Kidding aside, I don’t think STB is talking about your small local meet champs and who is the best lifter there. Obviously a 242 barely beating out a 181 in total at a local meet does not mean much. But when you start talking about the top powerlifters in the country, all that matters big boys lifting the most weight (unless you are Shawn Frankl).
[quote]rrjc5488 wrote:
I still don’t get why it’s not just your total divided by bodyweight to see how many times BW they lifted.
[/quote]
The 3 lifts have different advantages for body shape not just weight. Now if we dropped those and replaced with Zercher squats measured in Lift/BW I think that’s something everyone would be able to agree on.[/quote]
[quote]jerkwad55 wrote:
I could care less about what formula people use, however determining winner by percentage of bw would be as unfair as comparing totals.[/quote]
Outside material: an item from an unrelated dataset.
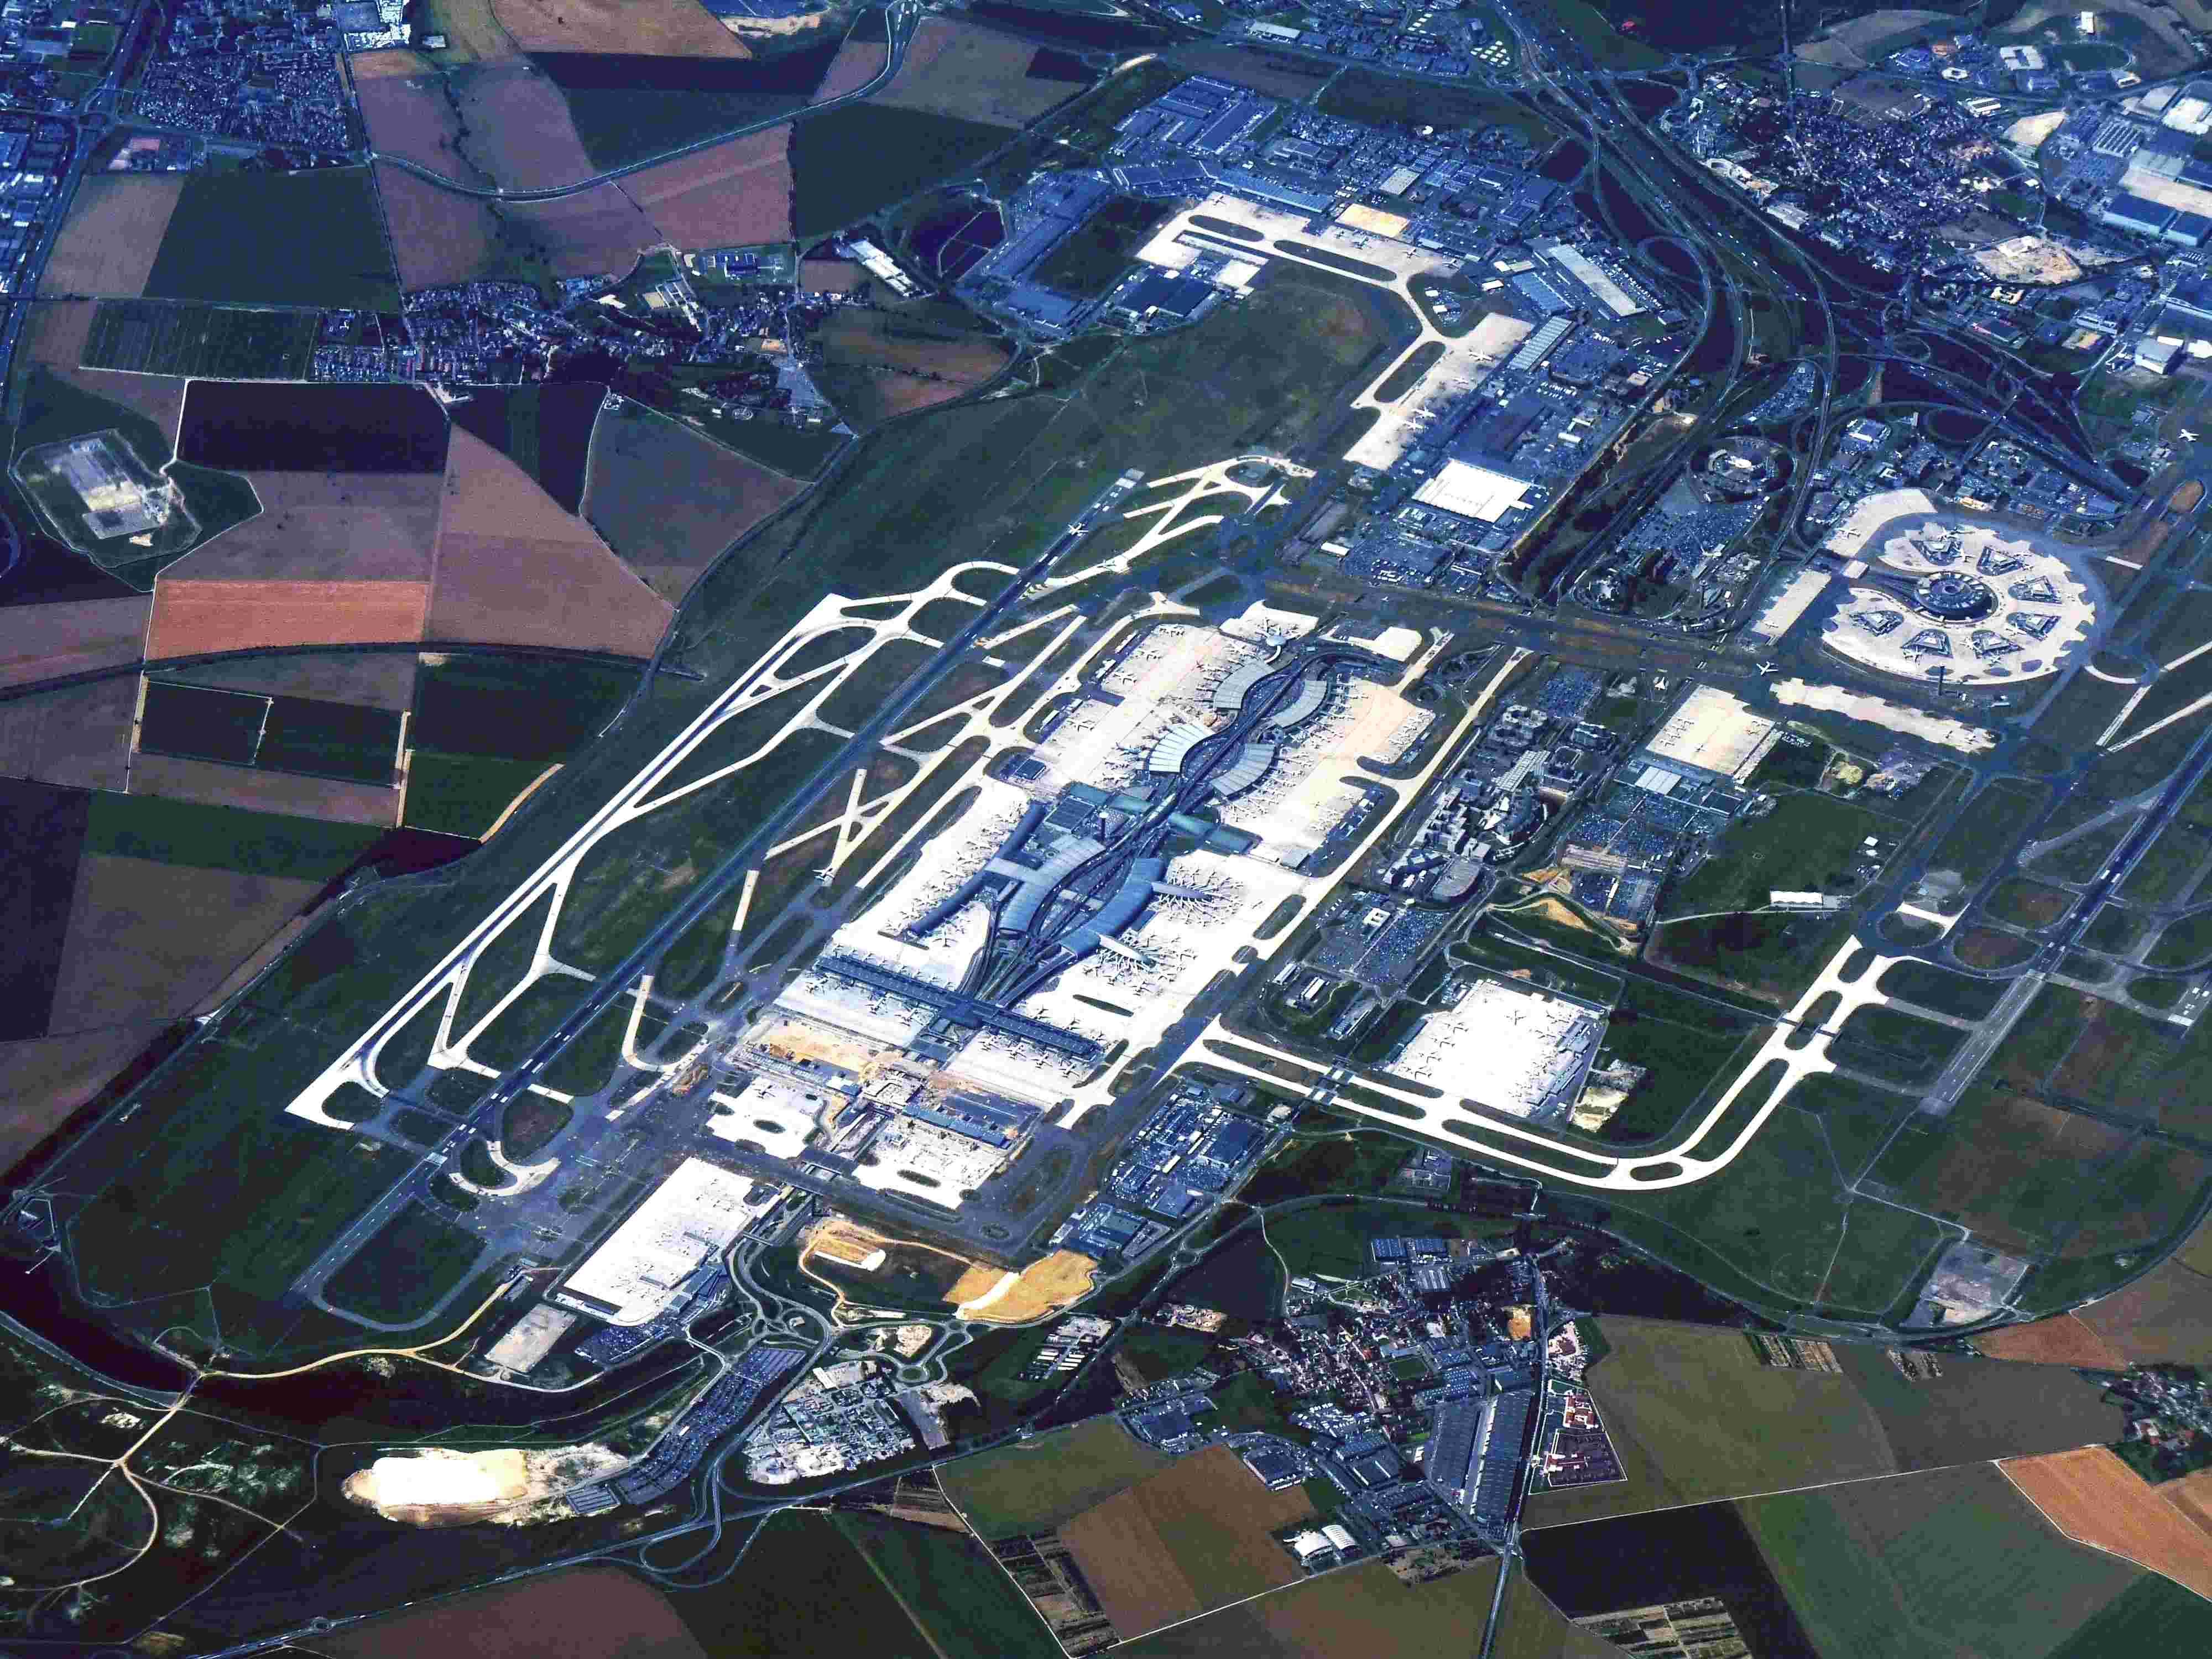 Aéroport de Roissy vue aérienne

It absolutely would be fair. On what basis would it be unfair? [/quote]
Because you reward people for being lighter rather than stronger. Here’s why… Randomly, take a look at the WABDL national rankings for 2010 in the deadlift…
Benny’s 1015lbs deadlift @ 380lbs is a 2.66x lift… If you compare this to the WABDL in 2010, there are 34 lifters, just in the 148lbs category, with higher bw% lifts… Overall, the man with the strongest pull ever would probably not even rank in the top 100 at the WABDL nationals meet.
I have no problem with using Wilks formula’s to determine “best lifter” for meets, but when you determine the meet on wilks only, then you are talking “relative strength” vs. “absolute strength.”
I have no problem with someone saying they are relatively stronger than me, but if you are going to be stronger than me, you better lift more weight.